## PROVIDED ENTRIES
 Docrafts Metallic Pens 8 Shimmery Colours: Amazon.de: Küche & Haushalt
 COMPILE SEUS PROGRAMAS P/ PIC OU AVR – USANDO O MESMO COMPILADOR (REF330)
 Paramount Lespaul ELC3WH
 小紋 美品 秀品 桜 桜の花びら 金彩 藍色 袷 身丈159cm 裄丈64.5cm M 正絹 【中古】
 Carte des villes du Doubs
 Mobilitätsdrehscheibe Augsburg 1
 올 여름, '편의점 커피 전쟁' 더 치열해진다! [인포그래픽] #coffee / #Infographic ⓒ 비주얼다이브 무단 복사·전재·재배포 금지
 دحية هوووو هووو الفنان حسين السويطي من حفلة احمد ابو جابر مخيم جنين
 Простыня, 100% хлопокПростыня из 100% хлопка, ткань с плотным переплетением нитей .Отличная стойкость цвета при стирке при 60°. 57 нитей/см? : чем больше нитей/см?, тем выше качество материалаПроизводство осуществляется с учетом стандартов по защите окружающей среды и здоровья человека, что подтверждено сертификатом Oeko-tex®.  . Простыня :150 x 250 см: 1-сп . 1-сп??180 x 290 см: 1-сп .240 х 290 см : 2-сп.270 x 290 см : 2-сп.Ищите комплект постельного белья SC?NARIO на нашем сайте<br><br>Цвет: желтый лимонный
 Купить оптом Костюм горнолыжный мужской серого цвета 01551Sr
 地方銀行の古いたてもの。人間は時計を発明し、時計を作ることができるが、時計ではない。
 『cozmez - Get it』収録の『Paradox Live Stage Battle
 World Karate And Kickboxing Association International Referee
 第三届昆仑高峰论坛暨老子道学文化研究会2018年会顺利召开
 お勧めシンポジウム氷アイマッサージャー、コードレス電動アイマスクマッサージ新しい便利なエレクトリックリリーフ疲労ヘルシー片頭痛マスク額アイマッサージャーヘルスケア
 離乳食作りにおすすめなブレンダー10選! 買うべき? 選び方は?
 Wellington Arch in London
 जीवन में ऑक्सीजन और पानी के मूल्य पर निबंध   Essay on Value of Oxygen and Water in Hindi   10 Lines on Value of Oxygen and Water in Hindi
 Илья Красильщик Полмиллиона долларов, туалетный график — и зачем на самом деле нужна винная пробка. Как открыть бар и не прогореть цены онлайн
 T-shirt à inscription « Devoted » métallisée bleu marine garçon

## REQUIRED ACTION
Reproduce the full listing above, keeping every line intact.

## SOLUTION TO THE PROBLEM
 Docrafts Metallic Pens 8 Shimmery Colours: Amazon.de: Küche & Haushalt
 COMPILE SEUS PROGRAMAS P/ PIC OU AVR – USANDO O MESMO COMPILADOR (REF330)
 Paramount Lespaul ELC3WH
 小紋 美品 秀品 桜 桜の花びら 金彩 藍色 袷 身丈159cm 裄丈64.5cm M 正絹 【中古】
 Carte des villes du Doubs
 Mobilitätsdrehscheibe Augsburg 1
 올 여름, '편의점 커피 전쟁' 더 치열해진다! [인포그래픽] #coffee / #Infographic ⓒ 비주얼다이브 무단 복사·전재·재배포 금지
 دحية هوووو هووو الفنان حسين السويطي من حفلة احمد ابو جابر مخيم جنين
 Простыня, 100% хлопокПростыня из 100% хлопка, ткань с плотным переплетением нитей .Отличная стойкость цвета при стирке при 60°. 57 нитей/см? : чем больше нитей/см?, тем выше качество материалаПроизводство осуществляется с учетом стандартов по защите окружающей среды и здоровья человека, что подтверждено сертификатом Oeko-tex®.  . Простыня :150 x 250 см: 1-сп . 1-сп??180 x 290 см: 1-сп .240 х 290 см : 2-сп.270 x 290 см : 2-сп.Ищите комплект постельного белья SC?NARIO на нашем сайте<br><br>Цвет: желтый лимонный
 Купить оптом Костюм горнолыжный мужской серого цвета 01551Sr
 地方銀行の古いたてもの。人間は時計を発明し、時計を作ることができるが、時計ではない。
 『cozmez - Get it』収録の『Paradox Live Stage Battle
 World Karate And Kickboxing Association International Referee
 第三届昆仑高峰论坛暨老子道学文化研究会2018年会顺利召开
 お勧めシンポジウム氷アイマッサージャー、コードレス電動アイマスクマッサージ新しい便利なエレクトリックリリーフ疲労ヘルシー片頭痛マスク額アイマッサージャーヘルスケア
 離乳食作りにおすすめなブレンダー10選! 買うべき? 選び方は?
 Wellington Arch in London
 जीवन में ऑक्सीजन और पानी के मूल्य पर निबंध   Essay on Value of Oxygen and Water in Hindi   10 Lines on Value of Oxygen and Water in Hindi
 Илья Красильщик Полмиллиона долларов, туалетный график — и зачем на самом деле нужна винная пробка. Как открыть бар и не прогореть цены онлайн
 T-shirt à inscription « Devoted » métallisée bleu marine garçon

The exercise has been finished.